== TASK ITEM ==
Exactly as written, transcribe the data from its opening line through the line containing "un paio di piedi". Leave every picture out.

== DATASET CONTENT ==
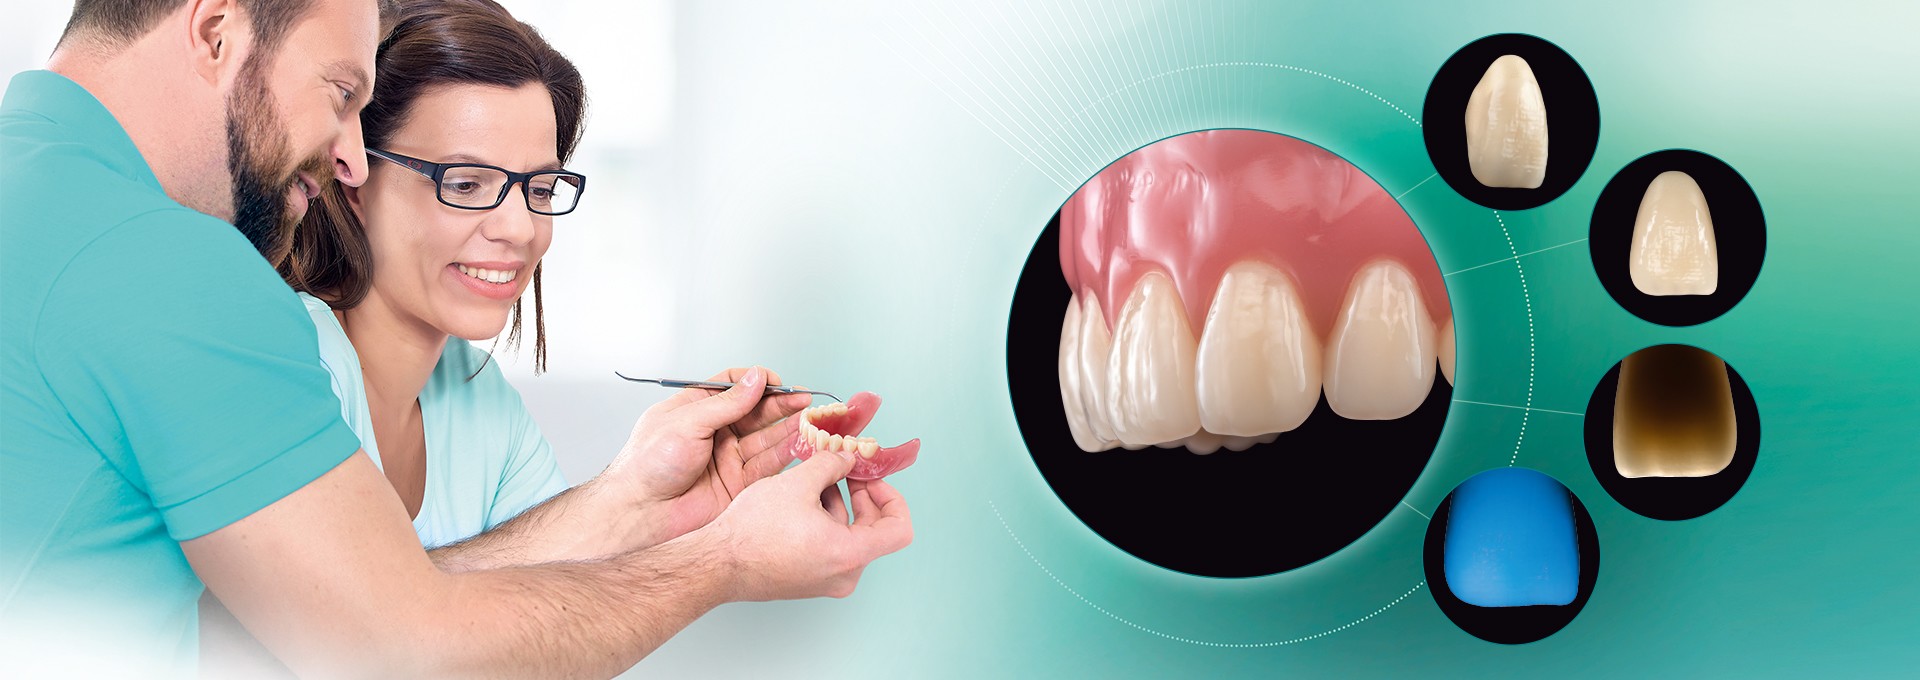 Deux prothésistes dentaires examinent une prothèse numérique. Illustrations de la dent artificielle VITA VIONIC VIGO.
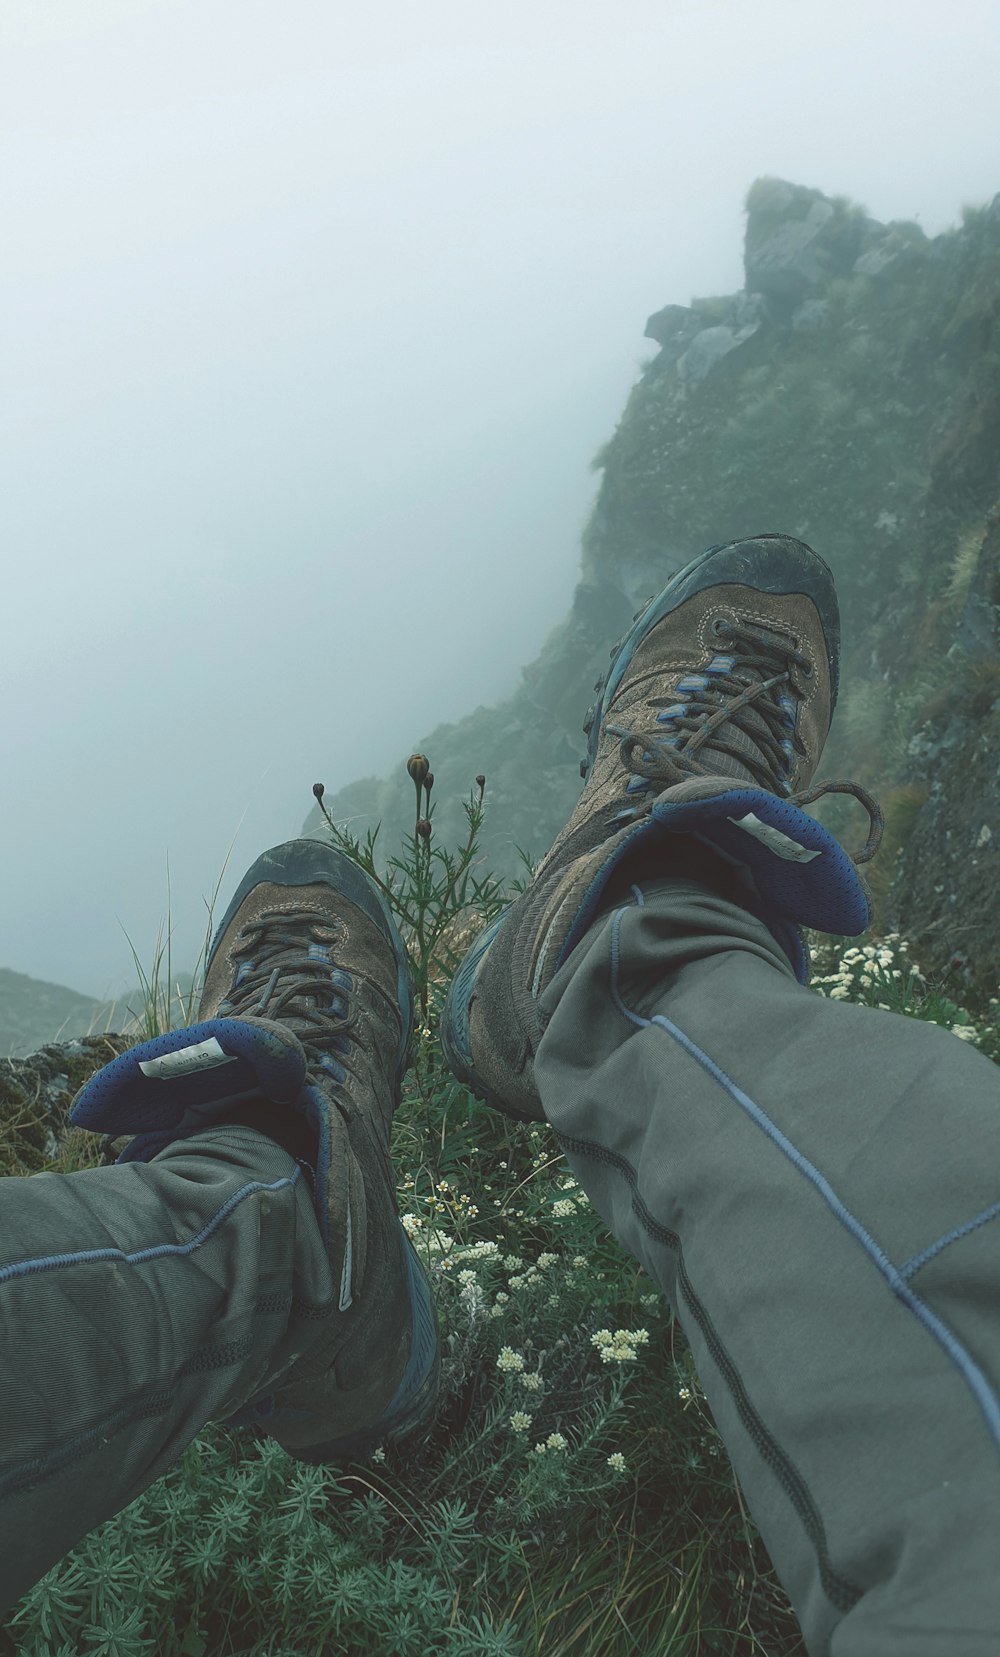 un paio di piedi con attrezzatura da trekking in una giornata nebbiosa
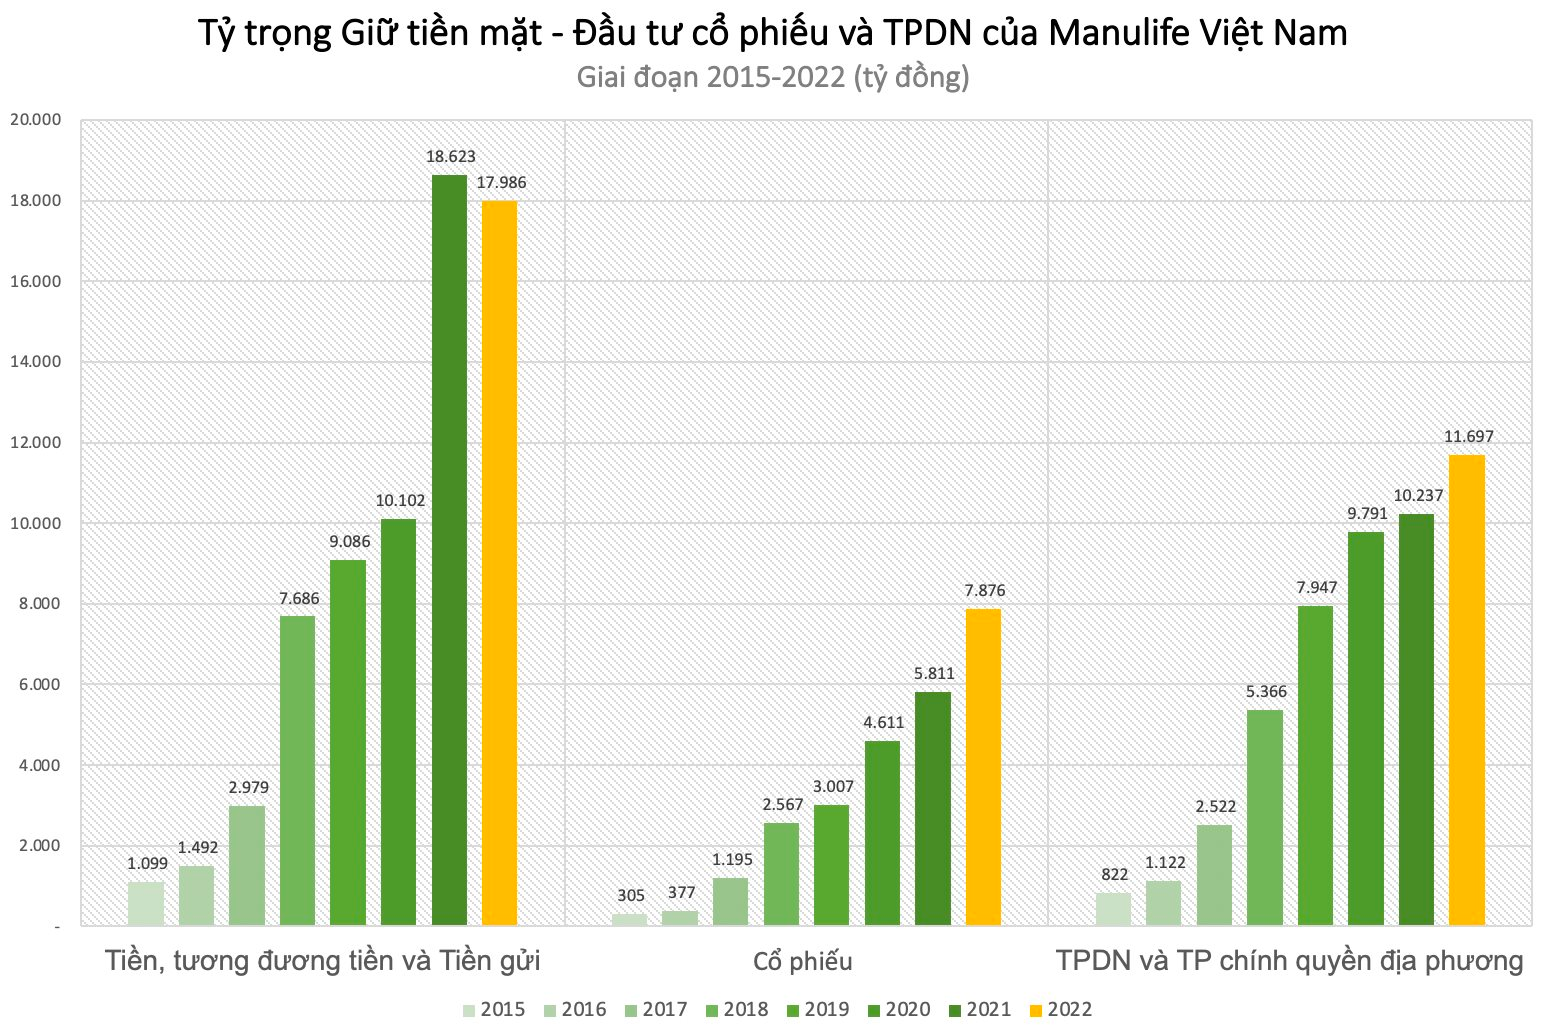 Manulife Việt Nam: “Tay chơi” sôi nổi trên TTCK, giá trị danh mục cổ phiếu tăng trung bình 70%/năm lên gần 7.900 tỷ, dự phòng giảm giá 840 tỷ - Ảnh 2.

== WRITTEN SOLUTION ==
 Deux prothésistes dentaires examinent une prothèse numérique. Illustrations de la dent artificielle VITA VIONIC VIGO.
 un paio di piedi con attrezzatura da trekking in una giornata nebbiosa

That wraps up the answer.